夏心怡愣了一下,随即别过脸,“切”了一声,嘴角却忍不住弯了一下。
深夜,林天房里。
门被轻轻推开,白灵儿披着一件单薄的狐裘,赤着脚,悄无声息地溜了进来。
她脸色还是很苍白,走路有点飘,但眼睛在黑暗里亮晶晶的。
林天刚脱下外甲,看到她,愣了一下:
“灵儿?你怎么起来了?
你伤还没好……”
白灵儿走到他面前,仰头看他,狐裘滑落一点,露出单薄的寝衣。
她咬了咬嘴唇,声音细细的,却很直接:
“天儿……我想……我想给你生个孩子。
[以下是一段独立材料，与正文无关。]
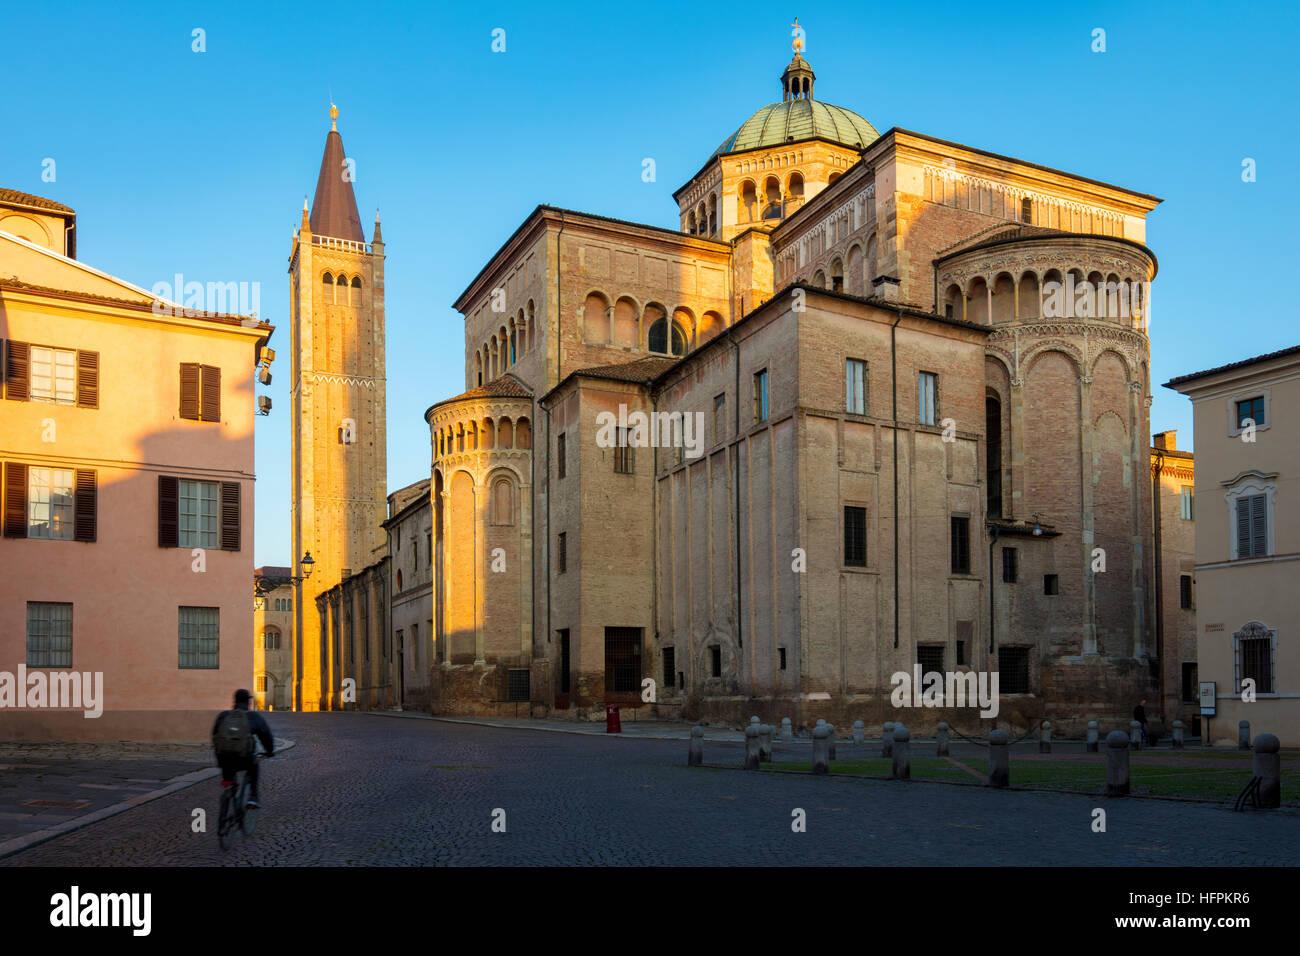 Sunrise over the Duomo, Parma, Emilia-Romagna, Italy - Stock Image

”
林天被她这话说得一时没反应过来,看着她虚弱的样子,又是心疼又是无奈:
“你……你都这样了,路都走不稳,还想这些?”
白灵儿眼睛眨了眨,忽然伸手,冰凉的手指轻轻戳了戳林天的胸口,脸上露出一抹狡黠又柔弱的笑:
“我这样……你也打不过我呀。
不信……我们试试?”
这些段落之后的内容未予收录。